Глава 15

Глава 15.


Один голос Сергей узнал — тот принадлежал милиционеру Грише, а второй, женский, до сих пор не слышал. Женщина старалась говорить тихо, но сбивалась и переходила на полный голос, она картавила и пришепётывала.

— Тут точно кто-то ещё есть, я чувствую.

— Не может быть, дверь-то закрыта, — убеждал её Гриша, — а ключ у меня, потому что я дежурный.

— Нет, это парадная дверь закрыта, а вдруг кто через чёрный ход зашёл.

— Да нет тут никого, вход тот давно на засов закрыт, да и кому в голову взбредёт ночью шастать.

— А ну пойдём проверим.

— Может, не сейчас, — взмолился милиционер.

В щели под дверью в учебный класс показался свет. Шаги приблизились, незваные гости миновали комнату, где притаился Сергей, и пошли дальше. Травин осторожно, стараясь, чтобы створка не скрипнула, выскользнул в коридор и увидел два удаляющихся силуэта, один повыше, другой потолще. Гриша держал в руке свечу в подсвечнике, свет от неё прыгал, заставляя тени двигаться, Сергей вжался в стену, как мог, но парочка не стала на него оглядываться. Они остановились перед дверью лазарета.

— Там Ванюша лежит, — сказала женщина, — может, зайти проведать, а ну как плохо ему?

— Ну его, — Гриша нетерпеливо пританцовывал на месте, — Пётр Лаврентич сказал не беспокоить попусту, потому как сон — он пользу приносит. Спит Будкин, чего ему ещё делать, потревожим, весь процесс лечения наперекосяк пойдёт. Ну давай же, вдруг хватятся, а меня нет на месте, искать начнут, разговоры пойдут, мол, оставил Гринченко свой пост.

— Это я должна думать, кто найдёт, я — женщина, и рискую своим добрым именем, — возразила его подруга, но всё же дала себя увлечь дальше, туда, где Травина недавно допрашивали.

За неплотно запертой дверью послышались шум, чмоканье, скрип мебели, к этим звукам вскоре присоединилось пыхтение, парочка явно не теряла времени даром. Сергей решил, что он тут лишний, и даже отлип от стены, но тут же прислонился обратно. Гриша в порыве страсти назвал свою подружку Иридочкой.

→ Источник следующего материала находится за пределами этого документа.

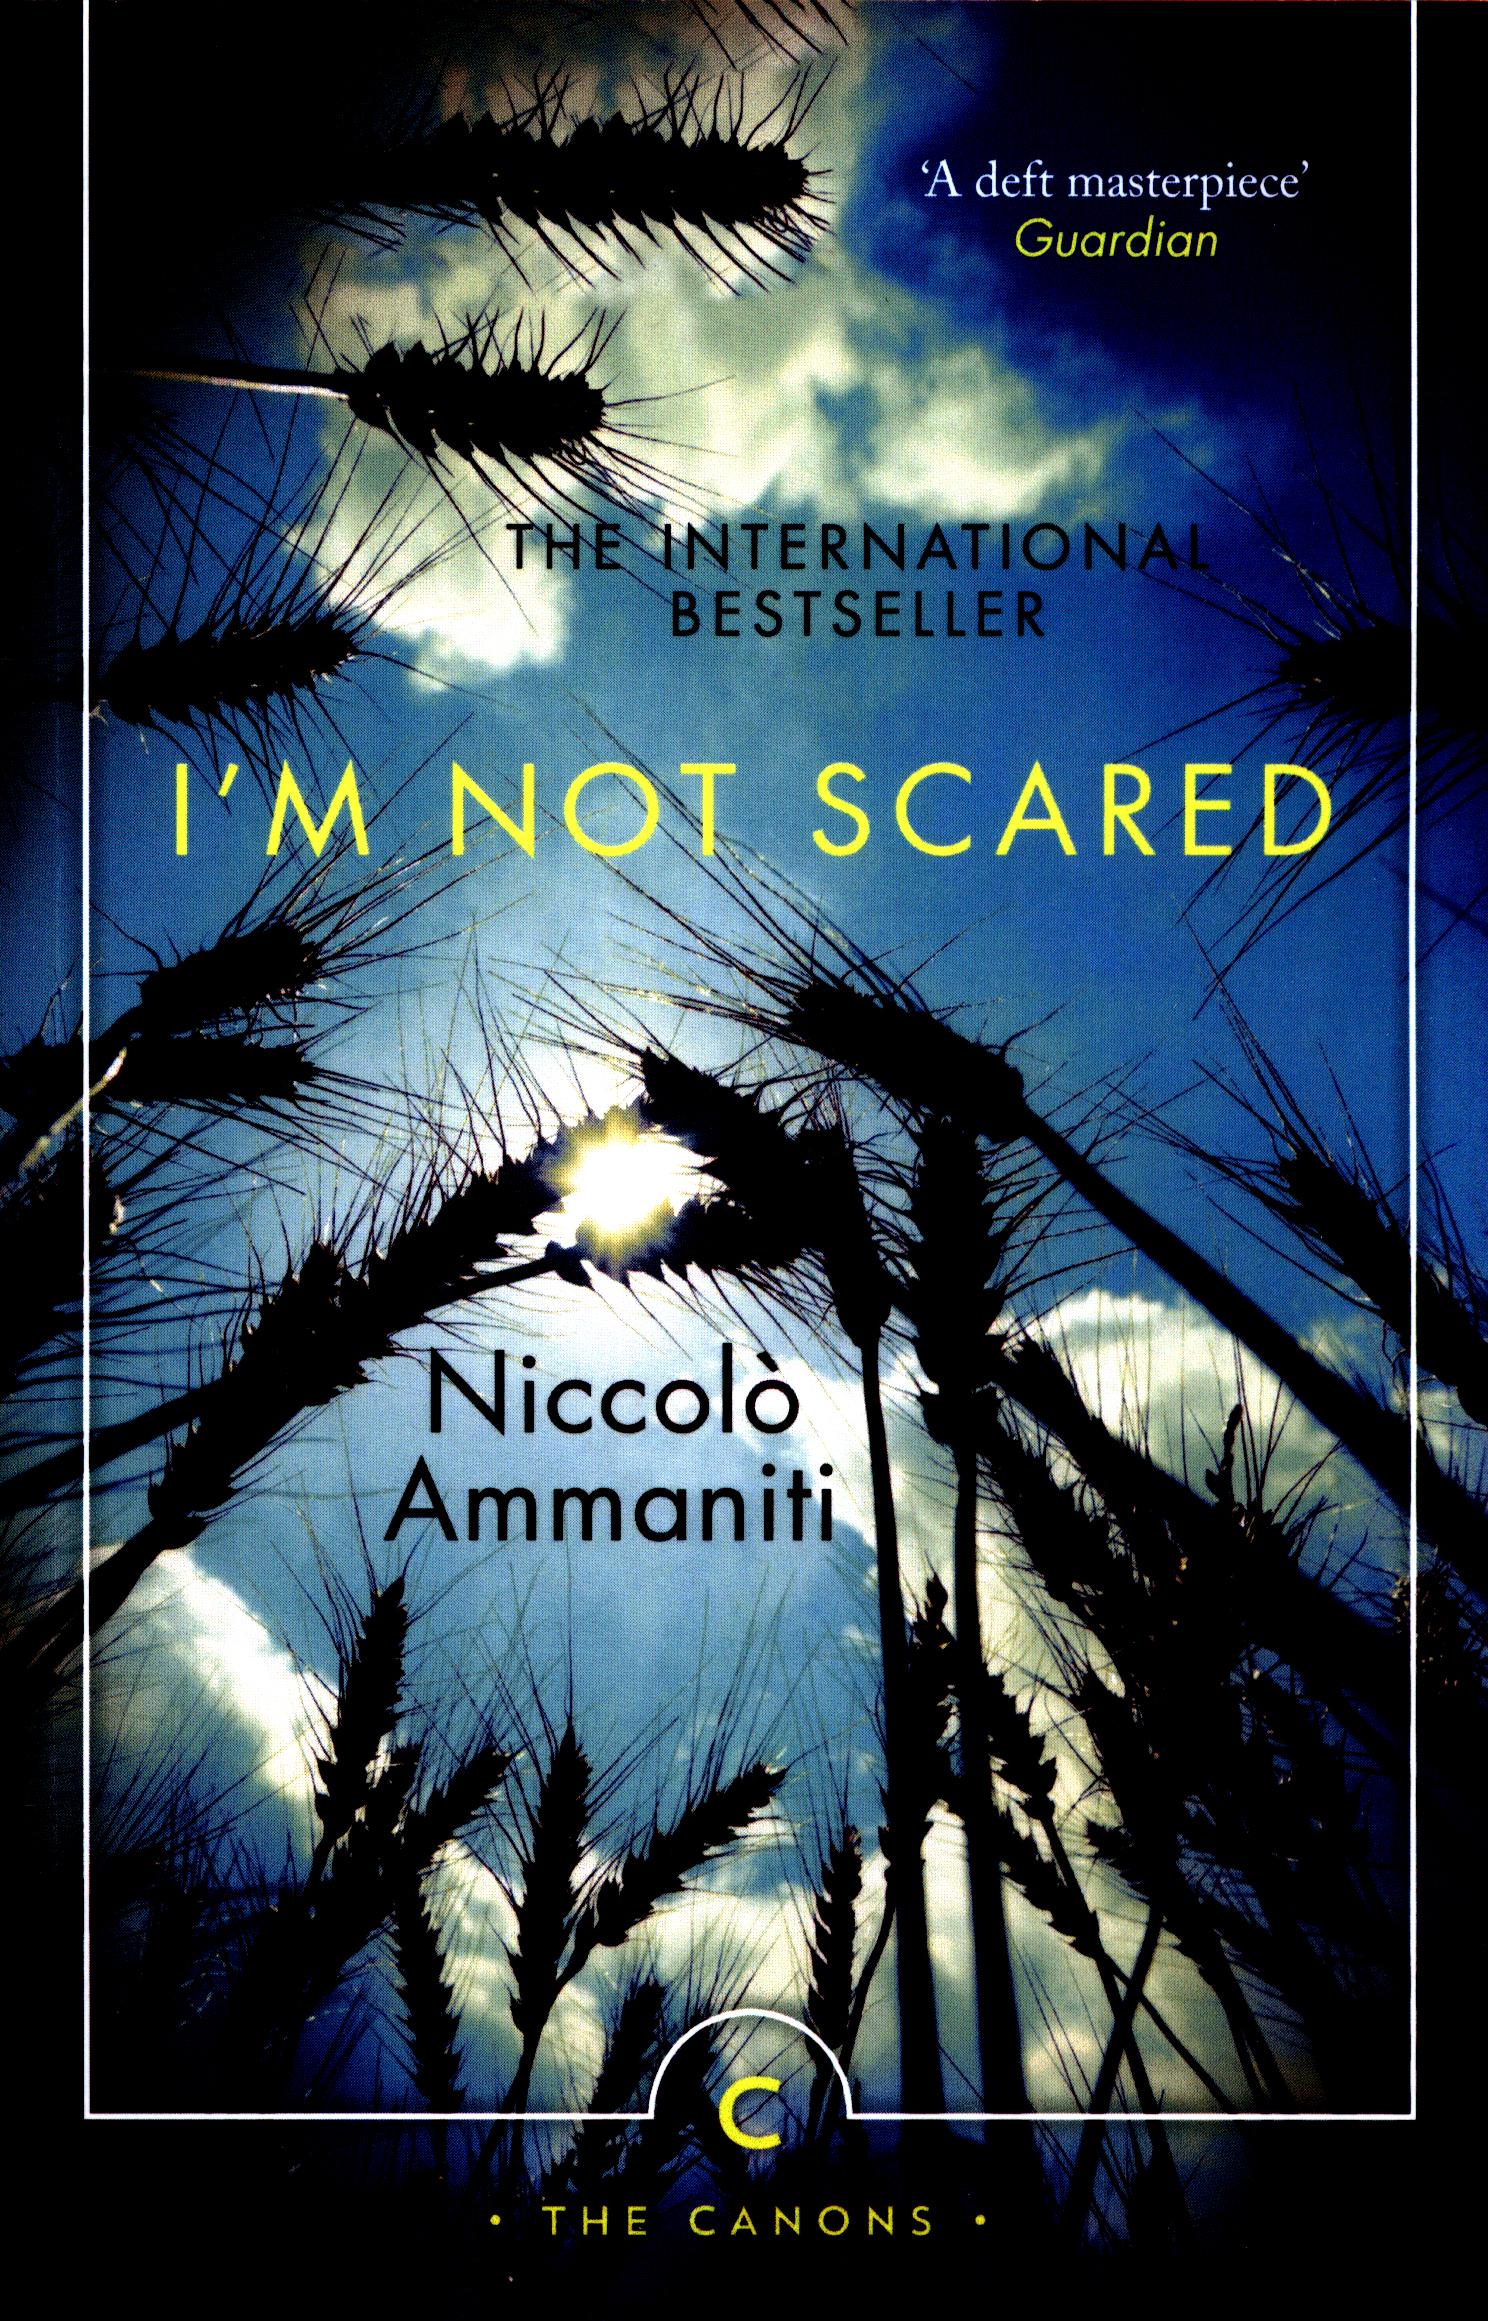 Niccolo Ammaniti's I'm Not Scared
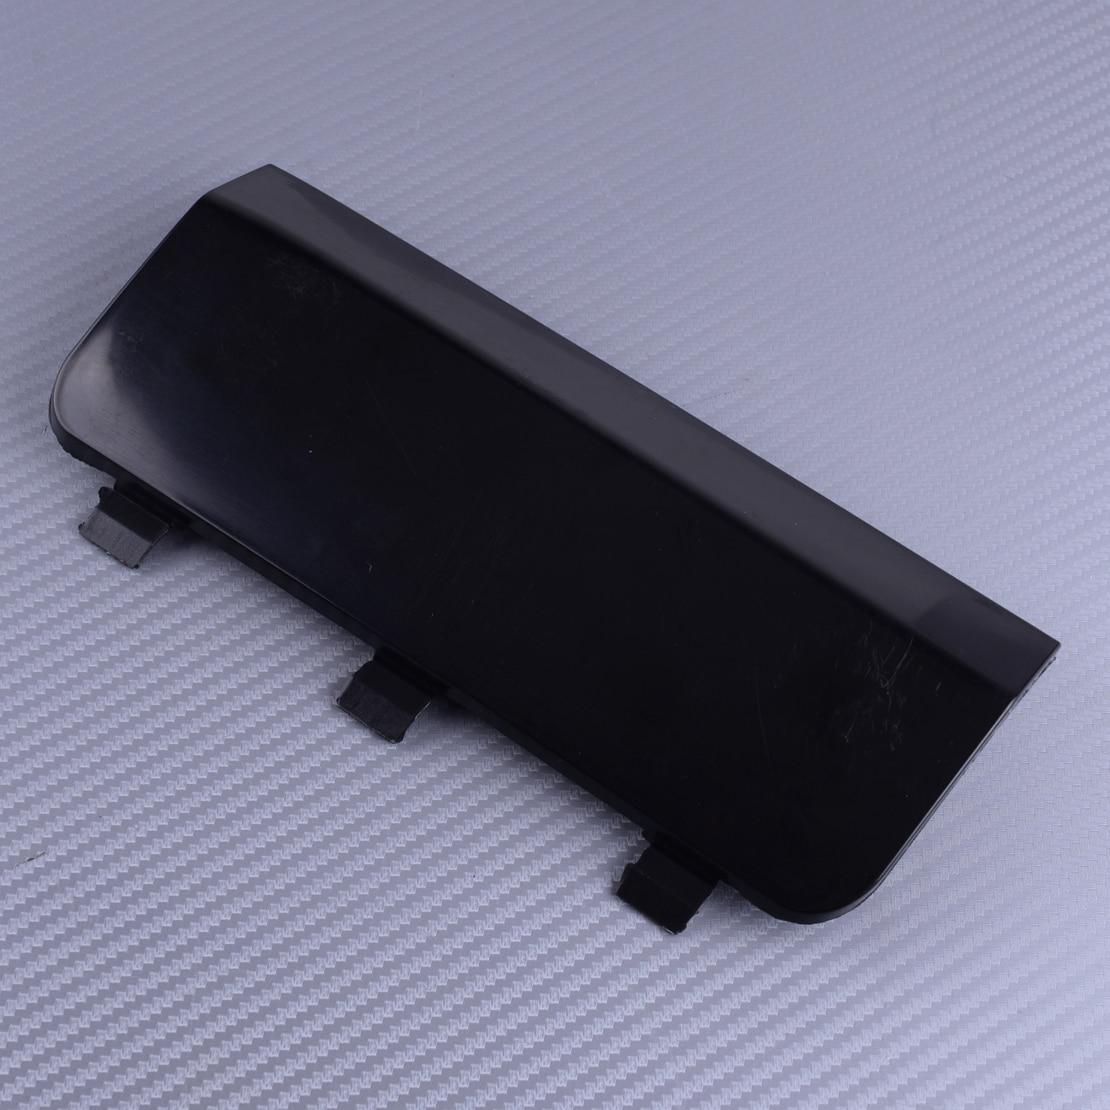 DWCX arka sol tampon Tow kanca kapatma başlığı siyah A1638801605 Mercedes için ML320 ML350 ML430 ML500 1998-2002 2003 2004 2005

Судя по репликам в допросной, молодые люди до главного пока не дошли, но и останавливаться не собирались. Сергей прикинул, куда бы ему спрятать полушубок Поземской и её сумку, дошёл до прихожей, освещённой керосиновой лампой, и там обнаружил кладовую, в которой валялся всякий ненужный скарб. Вещи учительницы он сложил на небольшой антресоли, которая, судя по слою пыли, оставалась нетронутой минимум год, вернулся к двери, за которой всё ещё пыхтел милиционер, и попытался открыть соседнее помещение. Эта дверь не была заперта, когда Сергей тут всё осматривал в свой предыдущий визит, и сейчас отворилась, едва скрипнув.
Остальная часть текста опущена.